Las autoridades universitarias han asegurado que la UNAM no es la Compañía de Luz y que el nuevo reglamento de pagos no forma parte del paquete de condiciones que el FMI o el Banco Mundial le han impuesto a México para otorgarle nuevos préstamos. Han asegurado también que el momento que han escogido para sus reformas no está relacionado para nada con el calendario de la política nacional (es decir, interpretamos nosotros, que un gran movimiento de protesta en el DF, las provocaciones que se pueden generar en ese invernadero y las eventuales confrontaciones con la policía, etcétera, no podrán ser lastres para el jefe del Gobierno de la Ciudad ni para sus aspiraciones presidenciales).
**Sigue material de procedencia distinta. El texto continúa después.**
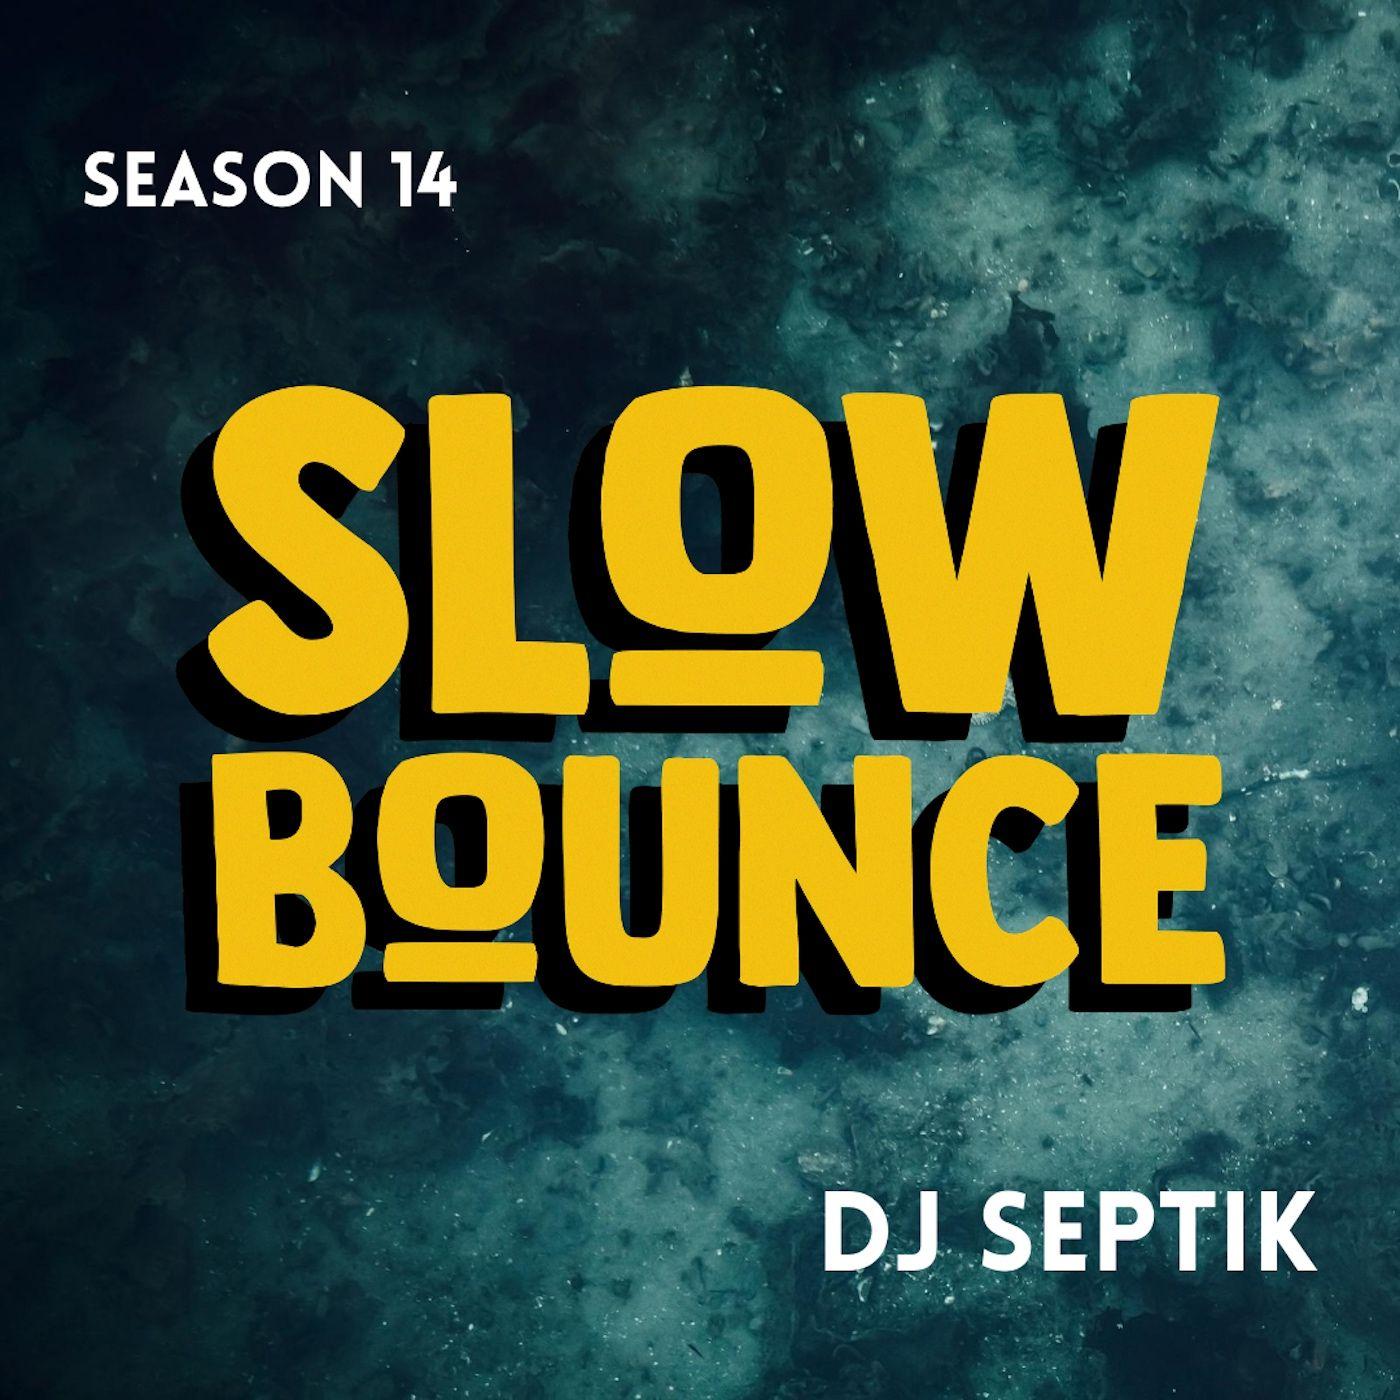 SLOWBOUNCE   Dancehall, Moombahton, Reggae   Dj Septik
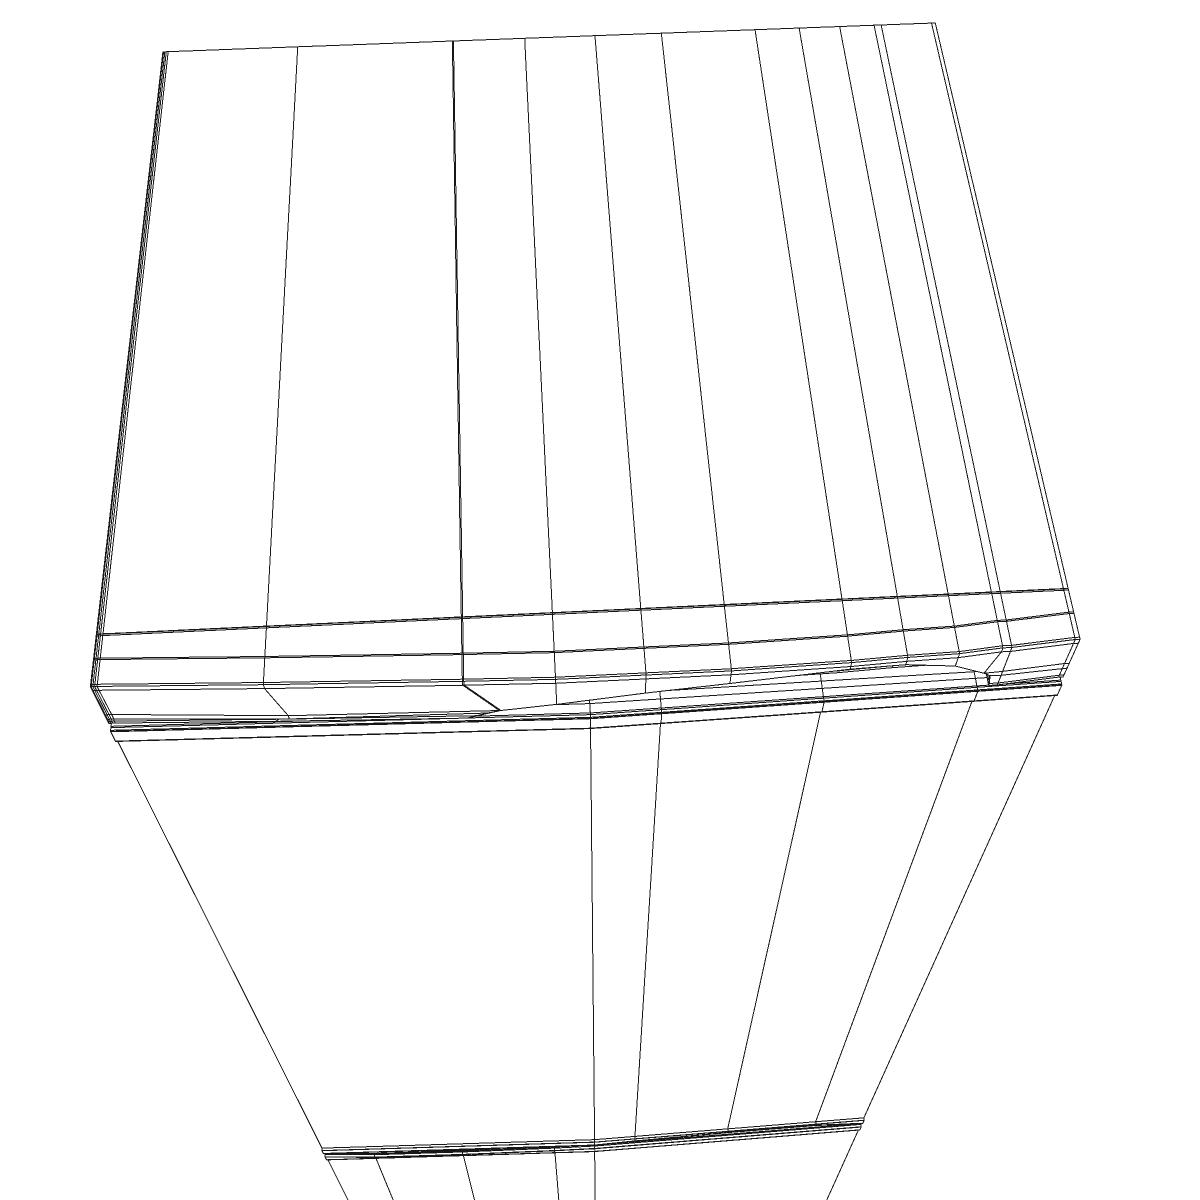 fridge 3d model 3ds max fbx ma mb obj 158914

Han asegurado, en fin, que el asunto es exclusivamente interno: que los estudios cuestan en cualquier parte del mundo, que los estudiantes deben pagar y que no es justo que con los impuestos de la gran masa de los mexicanos, que es pobre, se financien los estudios de muchos alumnos de familias acomodadas. Además, según esos argumentos, las cuotas ya no subirán (a lo mucho se actualizarán), y quien quiera ser exentado del pago sólo tiene que decirlo.
Realmente este conflicto no acaba de tener lógica: las autoridades aceptan que con el nuevo reglamento de pagos se ahorrará, cuando ya rija para todos los alumnos, algún 3 por ciento del presupuesto universitario (que es de 7 mil 500 millones en 1999). Que un ahorro mayor implicaría aumentar nuevamente cuotas o desaparecer las becas, y eso expulsaría a los alumnos de menores recursos (y se han declarado opuestas a una tal elitización).
Uno se pregunta entonces: ¿Por tan pocos ahorros vale la pena un conflicto que amenaza con alcanzar dimensiones inmanejables? Es obvio que las economías internas no están siendo el leyt motiv de la actual reforma. Me explico: supongamos que en el año que corre la UNAM reciba por cuotas estudiantiles algunos 20 millones de pesos (alrededor de 10 mil alumnos aceptarían pagar). Comparemos esto con lo que la UNAM ha gastado en desplegados en periódicos desde el 12 de febrero, en que fue anunciado el nuevo Reglamento de Pagos: Reforma once planas; La Jornada, 22; Excélsior, 17; El Financiero, 17; Unomásuno, 12 (por deducción: 20 planas en el resto de la prensa) = 99 planas a un promedio de 50 mil pesos plana = 4 millones 950 mil. Otro tanto habría que agregar en publicidad en radio y televisión (cálculo al que nos ha sido imposible tener acceso). Sólo por la publicidad de su reglamento y de sus ideas las autoridades habrían consumido la mitad de las cuotas que se proponen recabar en este año). Pero lo que resulta ridículo es que la UNAM ha declarado perder 50 millones de pesos por cada día de huelga: calculemos que las banderas rojinegras duren sólo 15 días = 750 millones perdidos (algo así como lo que se habrá recabado con las cuotas de los próximos tres años. Es obvio que la racionalidad contable no está conduciendo este descabellado proceso de huelga, y para apoyar aún más esta idea baste comparar las modestas sumas anteriores con los demenciales montos del Fobrapoa o del rescate carretero.
Entonces, quienes han promovido las cuotas están escondiendo motivos mucho más profundos. Pensamos que el momento político de la sucesión es delicado y que el conflicto puede tomar los caminos de la provocación, pero estamos seguros de que ningún sector de la universidad y menos las autoridades arriesgarían de esa manera a nuestra casa de estudios. Sin embargo, no estamos seguros de que el mismo compromiso exista en torno a la concepción de universidad que cada quien busca para los años que vienen. Repasadas las inconsistencias presupuestales comienza a quedar claro para los universitarios que detrás del reglamento de las cuotas viene una reforma integral de la educación superior en nuestro país: nueva estructura de las licenciaturas, nuevo Estatuto del Personal Académico, etcétera.
La idea de la universidad de excelencia sigue imperando en la cabeza de los científicos, y es superior y más poderosa que la de la justicia educativa, pero lo que agrava las cosas es que se corresponde como anillo al dedo con la ética excluyente del neoliberalismo. Repensemos las cosas: discutamos, con todas las cartas sobre la mesa, lo que está detrás del ilógico Reglamento de Pagos. El consenso comienza a ser que se derogue ese reglamento, que se levante la huelga y que abramos un diálogo sereno sobre la universidad que queremos, en un momento menos convulsionado.